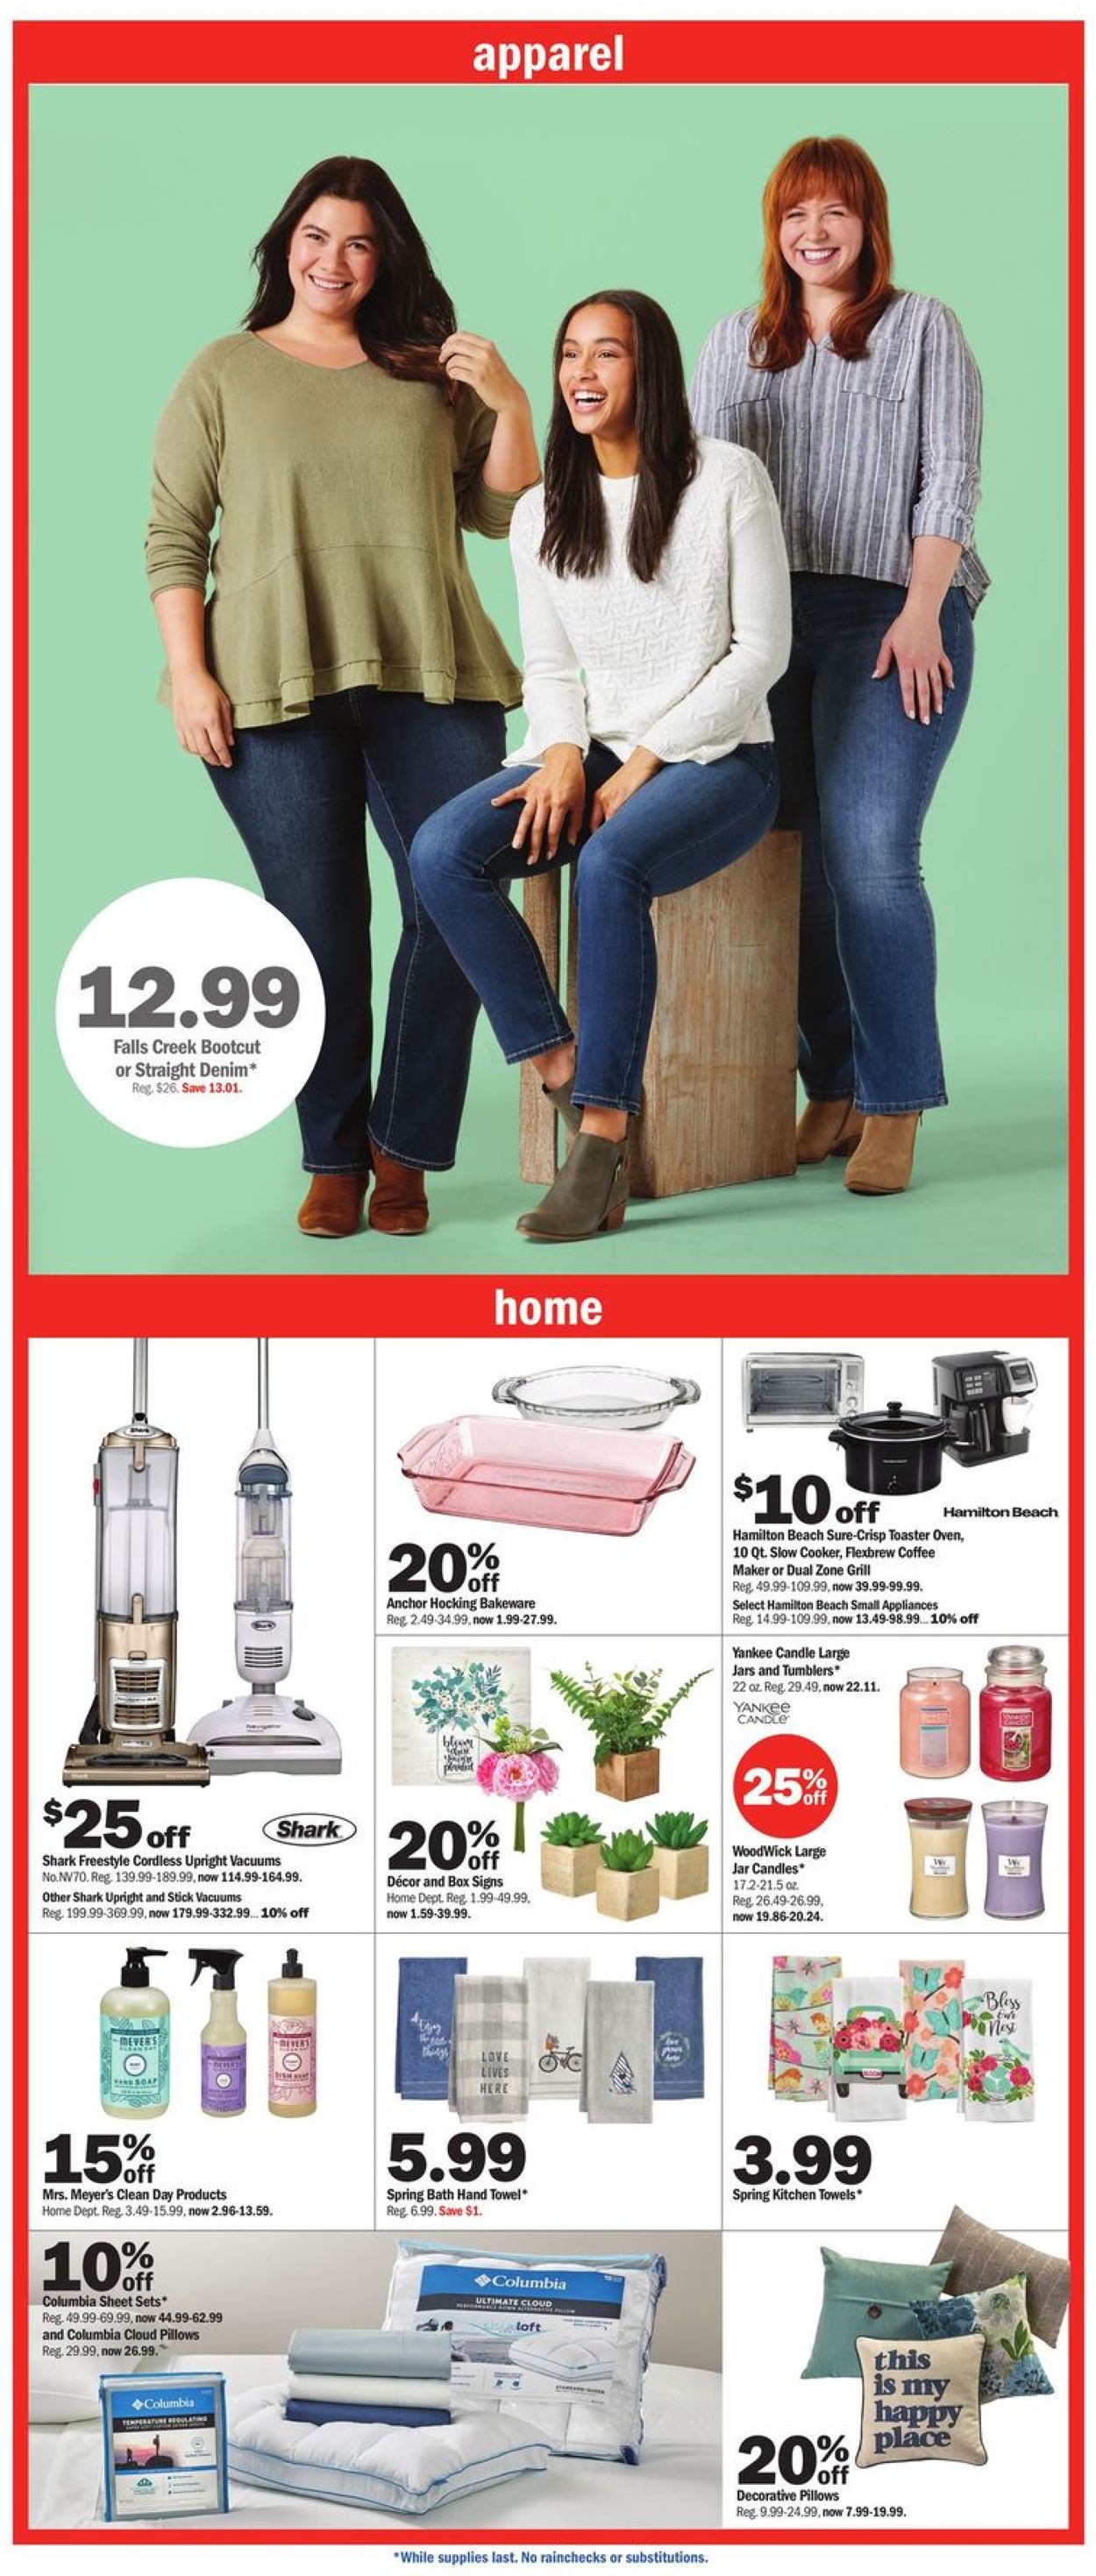 Meijer Current weekly ad 02/09 - 02/15/2020 [14] - frequent-ads.com
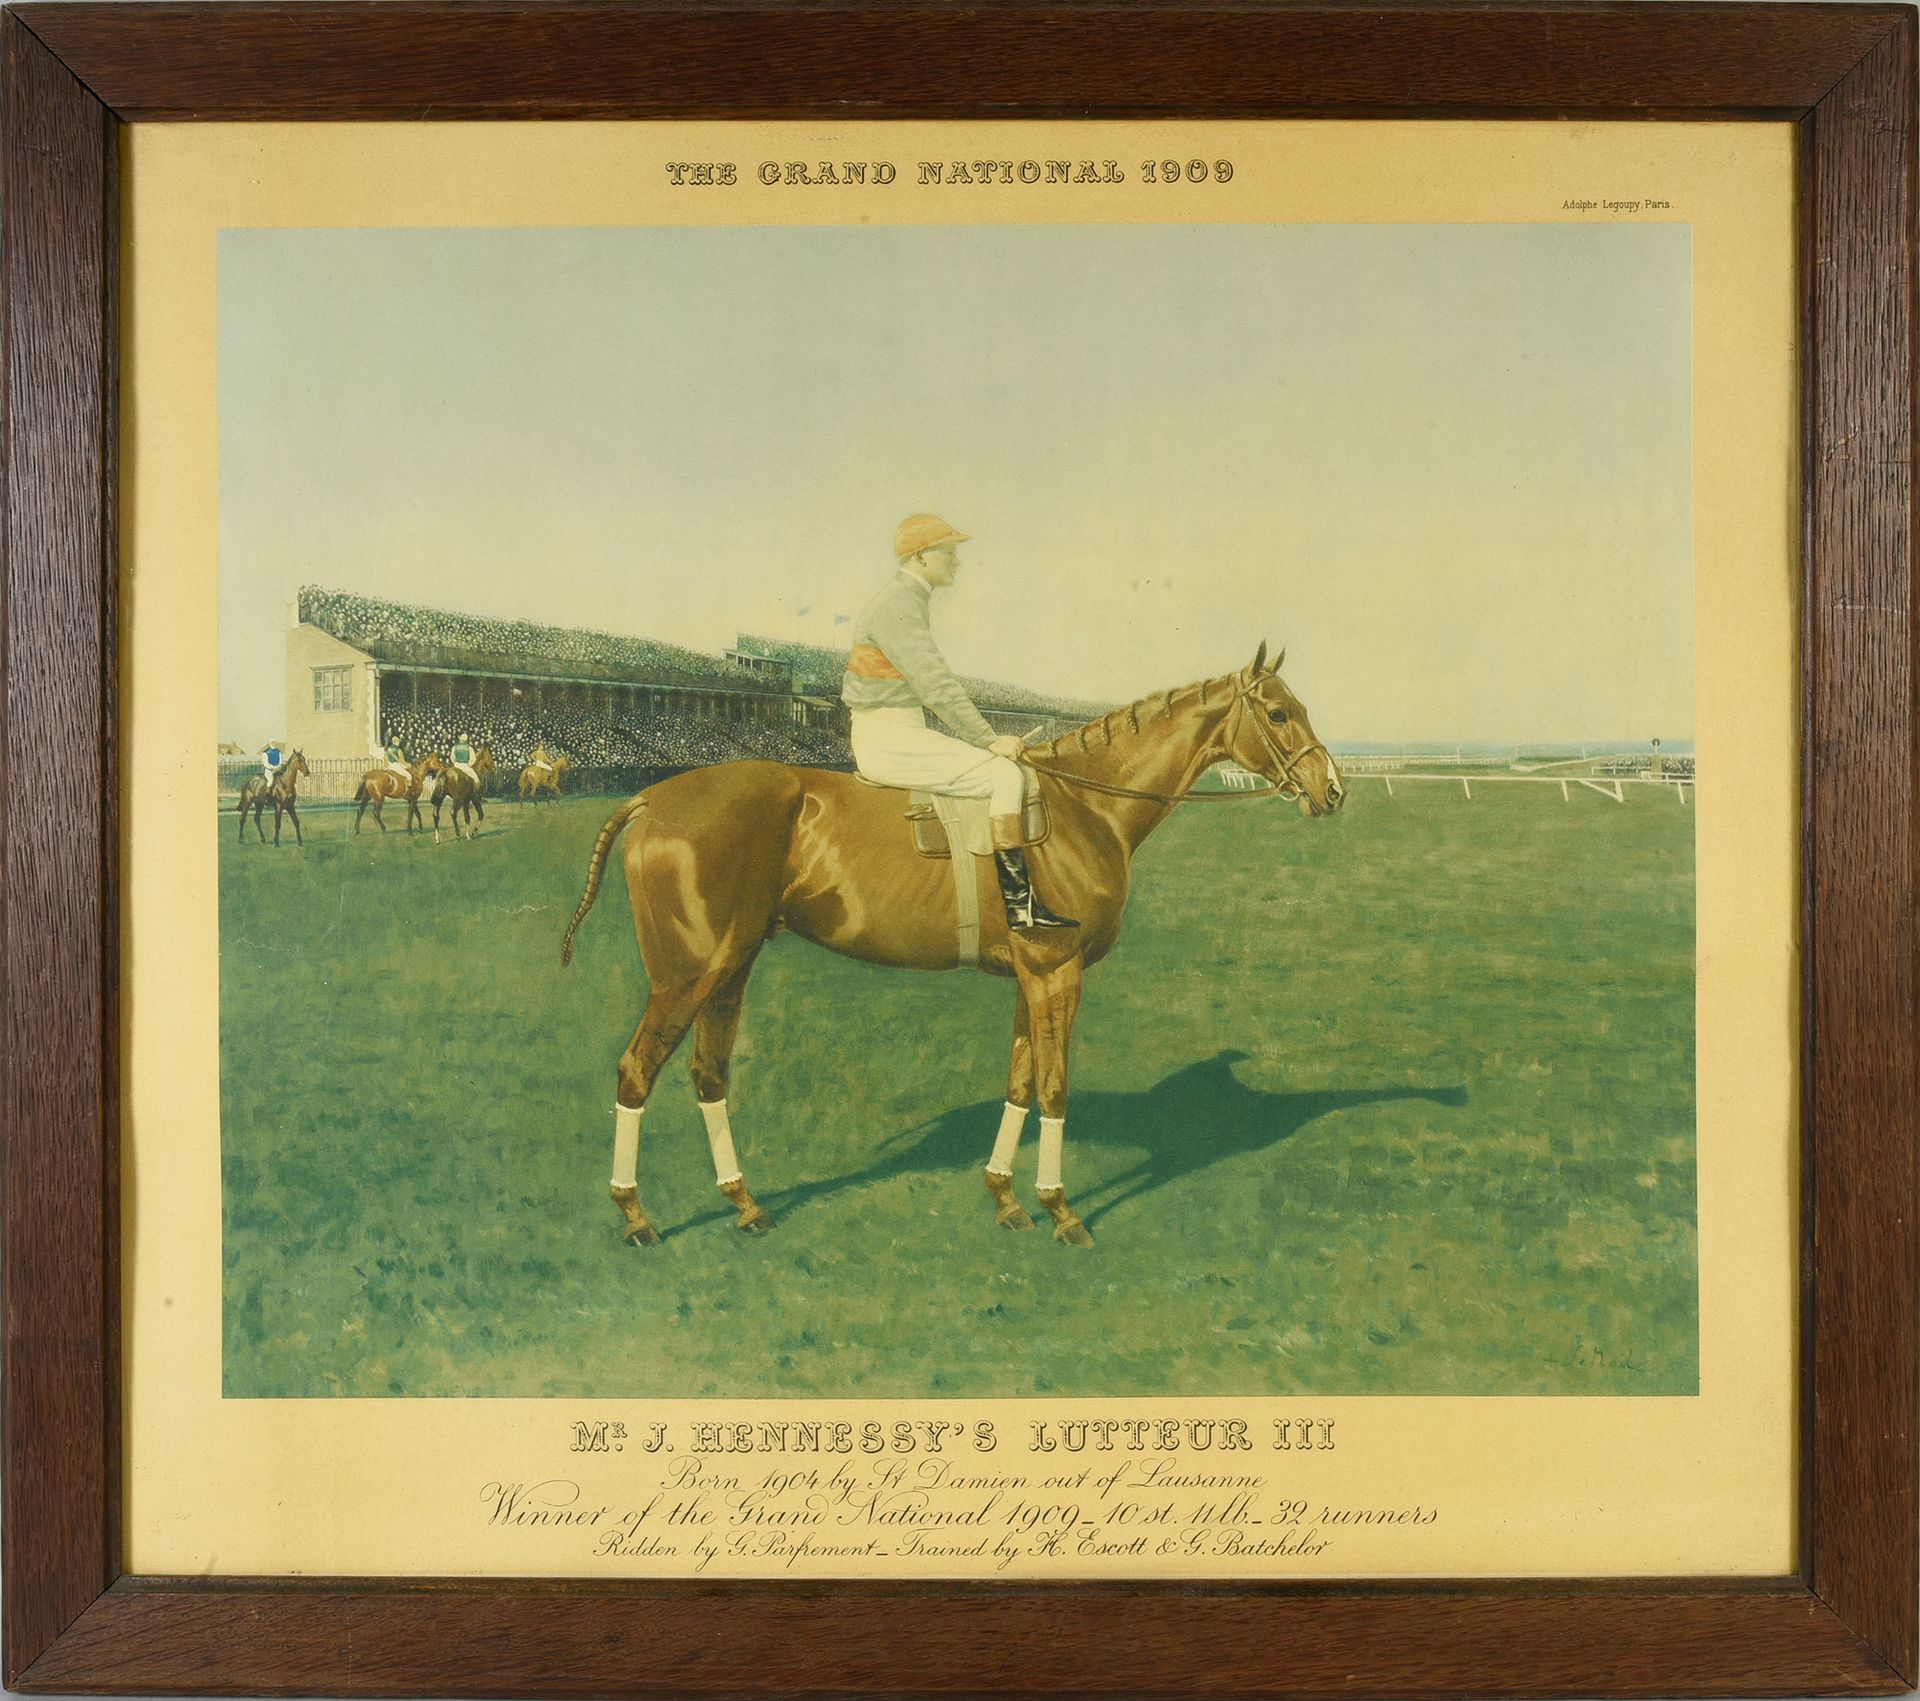 LE NAIL (XIX-XXe). Grand National 1909 : Wrestler III belonging to Mr Hennessy
L&hellip;
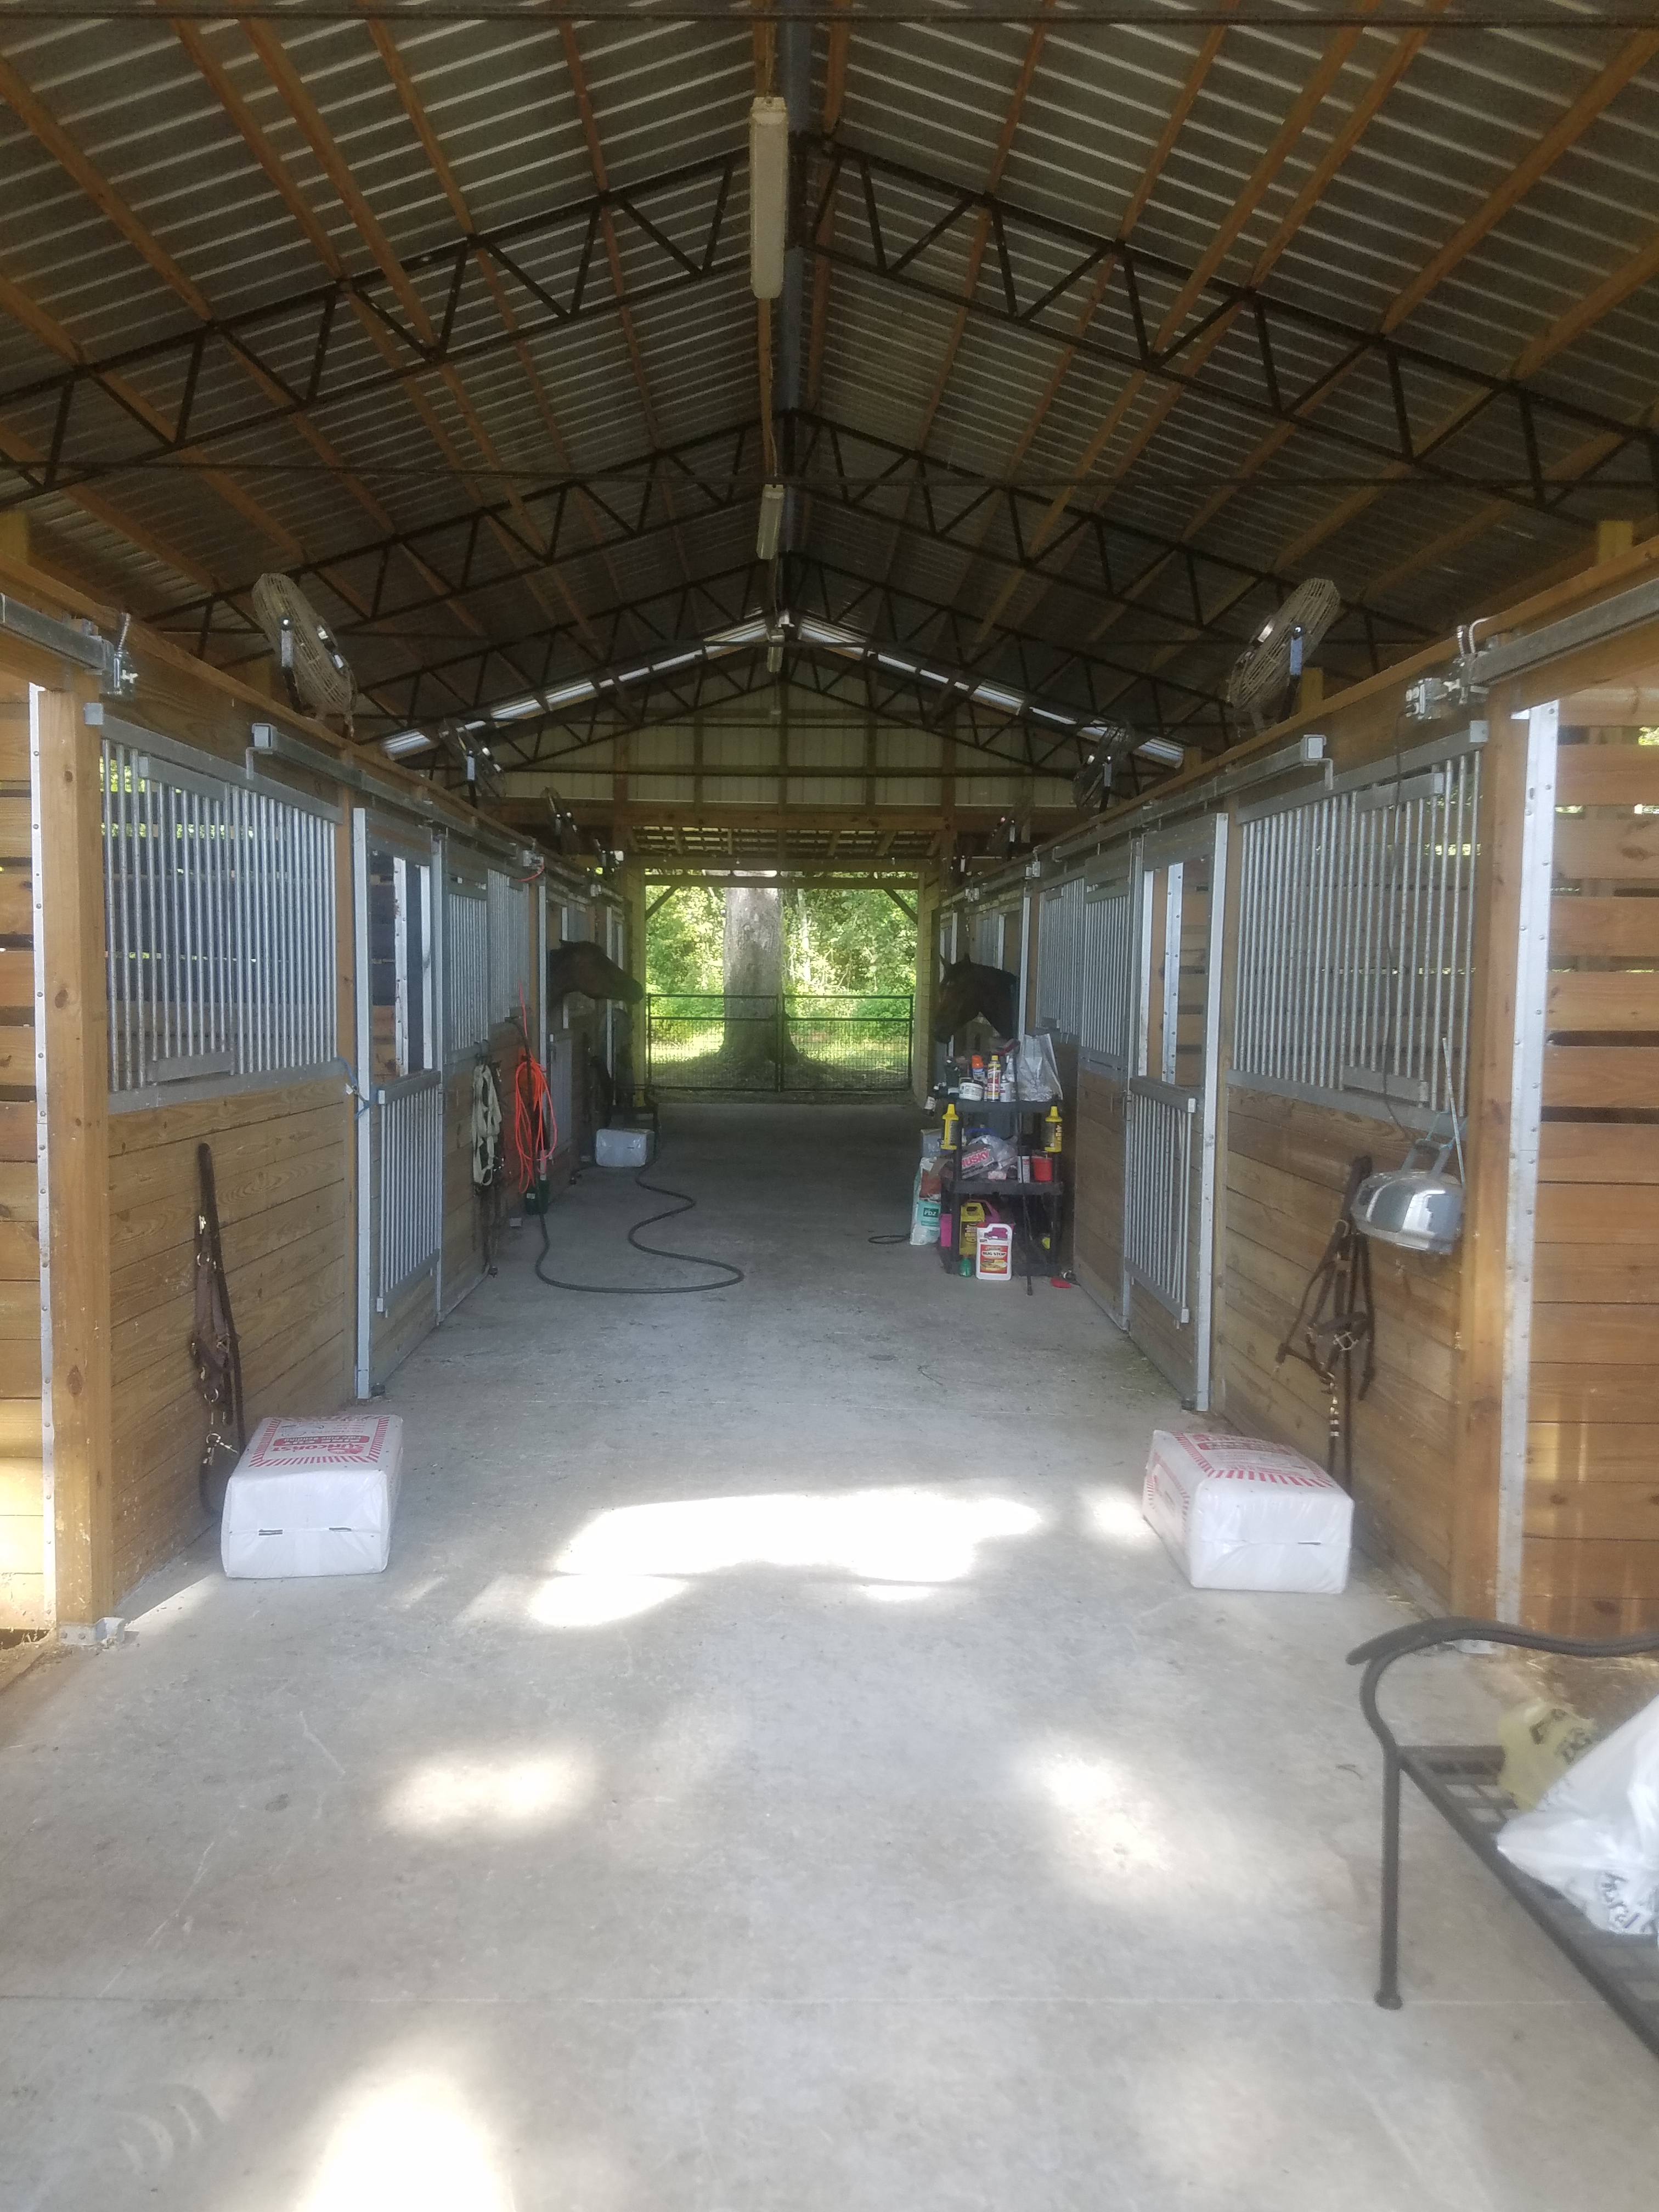 premier horse boarding facility located in the heart of Northwest Ocala. Just minutes from the World Equestrian Center and HITS!

··········

Reproduce every line above as written, skipping pictures.

Result of this task:
 Meijer Current weekly ad 02/09 - 02/15/2020 [14] - frequent-ads.com
 LE NAIL (XIX-XXe). Grand National 1909 : Wrestler III belonging to Mr Hennessy
L&hellip;
 premier horse boarding facility located in the heart of Northwest Ocala. Just minutes from the World Equestrian Center and HITS!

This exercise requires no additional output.